49. \(y''+64y=0; \quad y(0)=3, \; y′(0)=16\)
- Answer
- a. \(y = 3\cos 8x + 2\sin 8x\)
b.
50. \(y''−2y′+10y=0; \quad y(0)=1, \; y′(0)=13\)
51. \(y''+5y′+15y=0; \quad y(0)=−2, \; y′(0)=7\)
- Answer
- a. \(y = e^{-5/2}\left[-2\cos\left(\frac{\sqrt{35}}{2}x\right) + \frac{4\sqrt{35}}{35}\sin\left(\frac{\sqrt{35}}{2}x\right) \right]\)
b.
52. (Principle of superposition) Prove that if \(y_1(x)\) and \(y_2(x)\) are solutions to a linear homogeneous differential equation, \(y''+p(x)y′+q(x)y=0,\) then the function \(y(x)=c_1y_1(x)+c_2y_2(x),\) where \(c_1\) and \(c_2\) are constants, is also a solution.

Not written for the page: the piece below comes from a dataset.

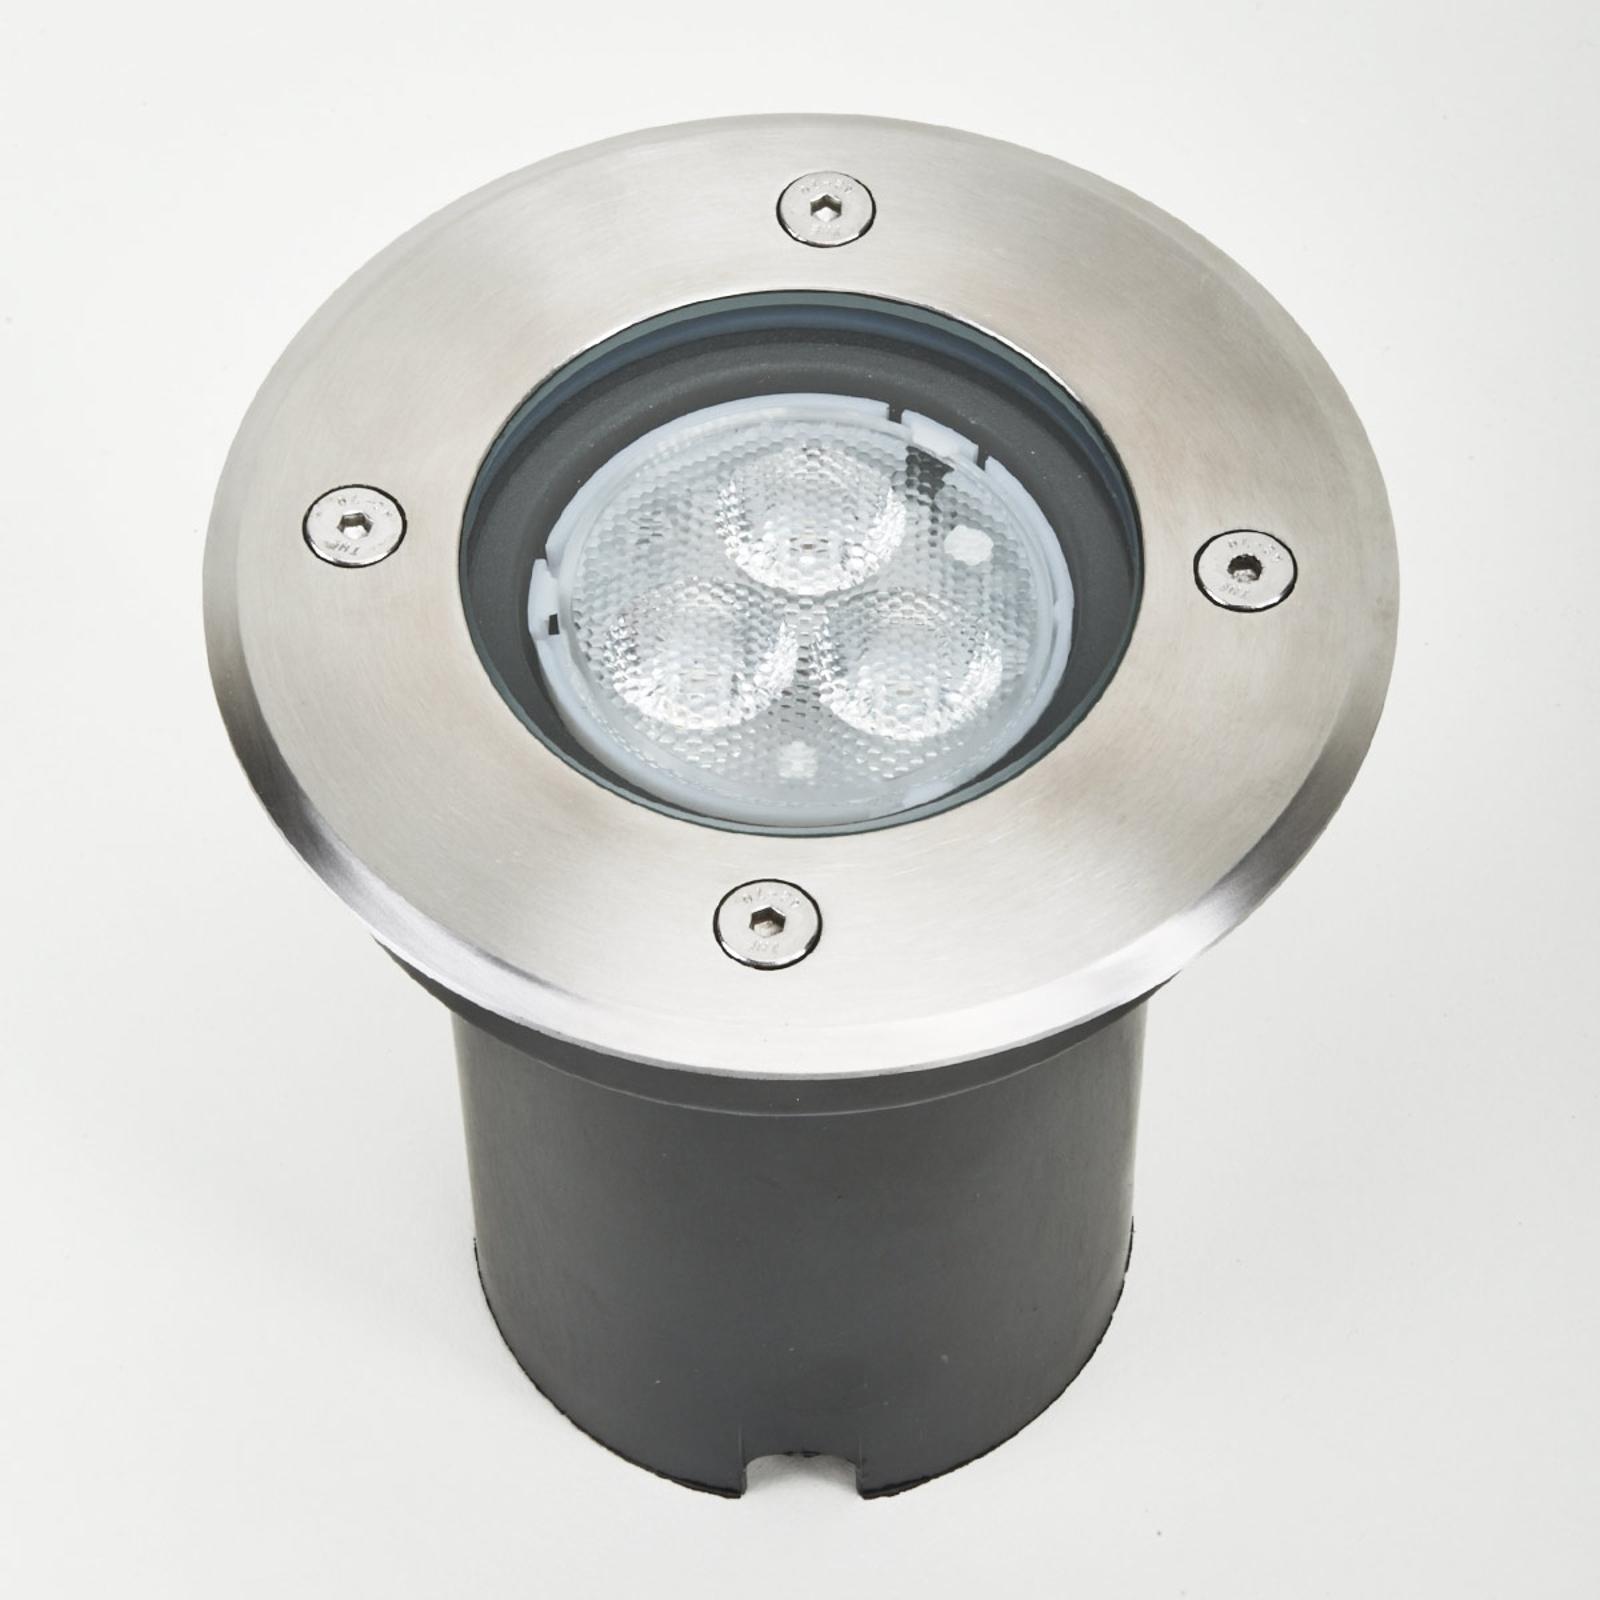 IP67 - LED-vloerinbouwlamp Ava, rond
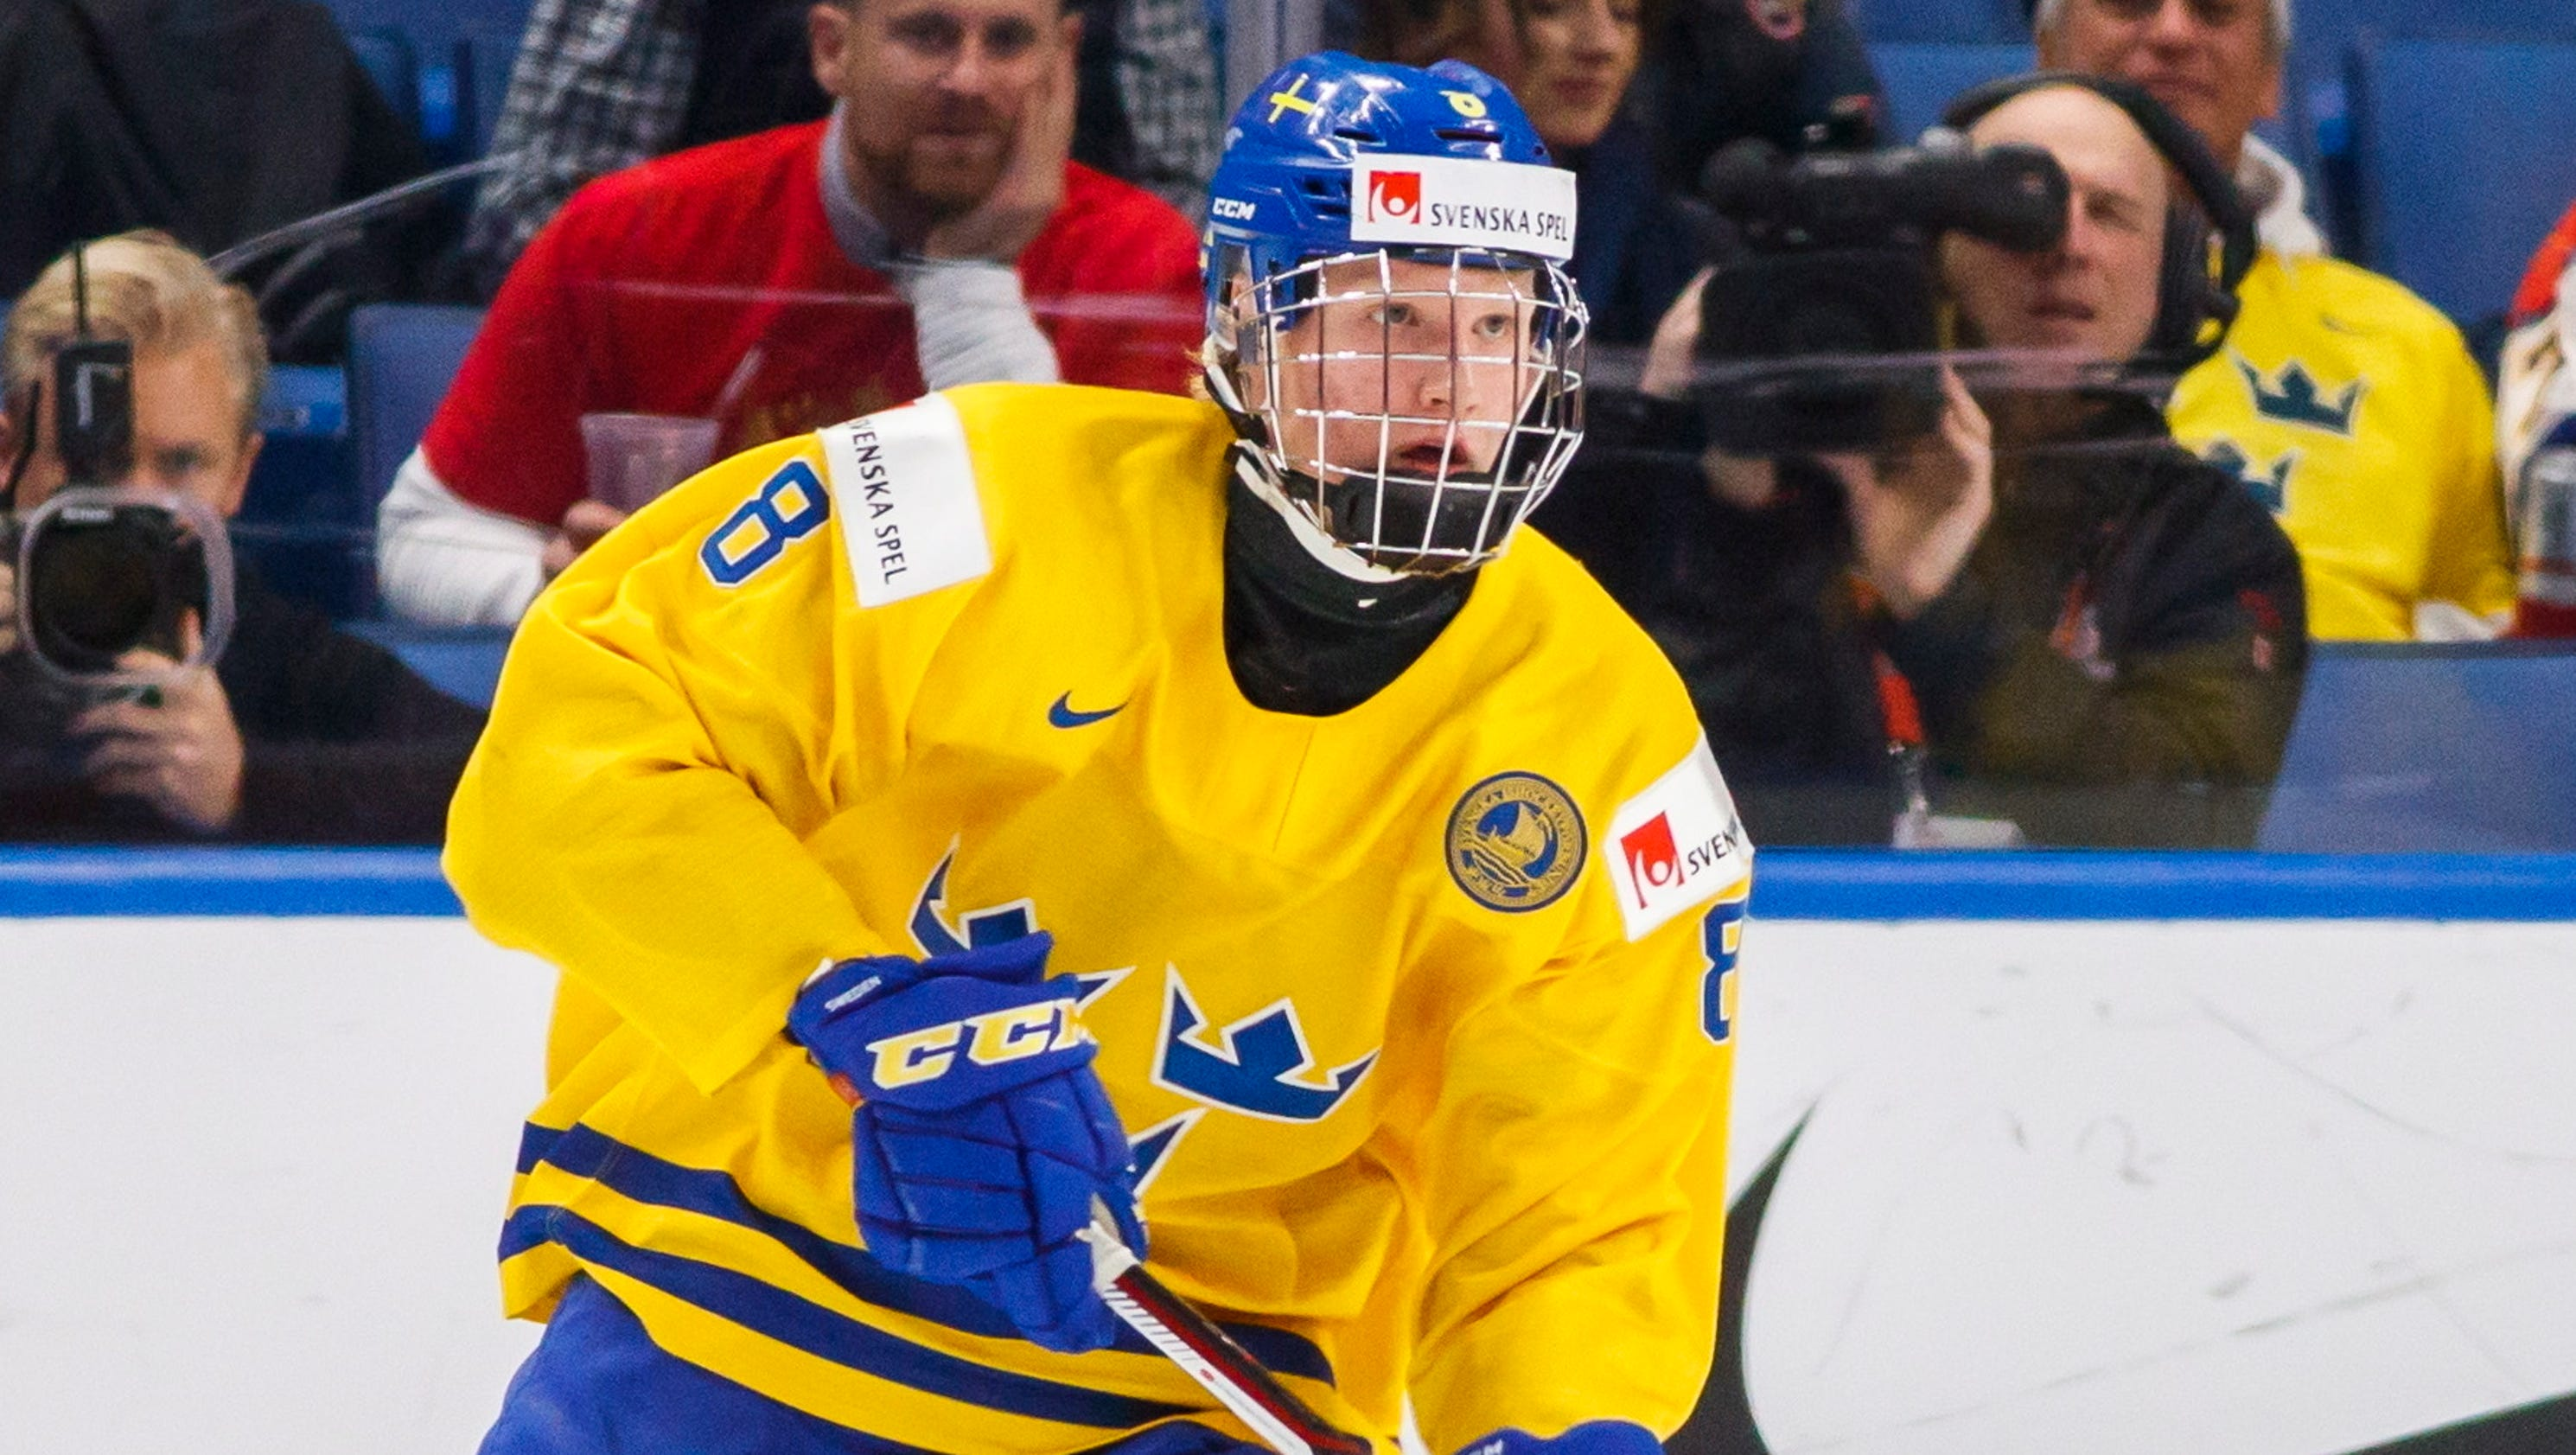 636576499968922818-ap-pyeongchang-olympics-hockey-sweden-dahlin

53. Prove that if \(a, \, b\) and \(c\) are positive constants, then all solutions to the second-order linear differential equation \(ay''+by′+cy=0\) approach zero as \(x→∞.\) (Hint: Consider three cases: two distinct roots, repeated real roots, and complex conjugate roots.)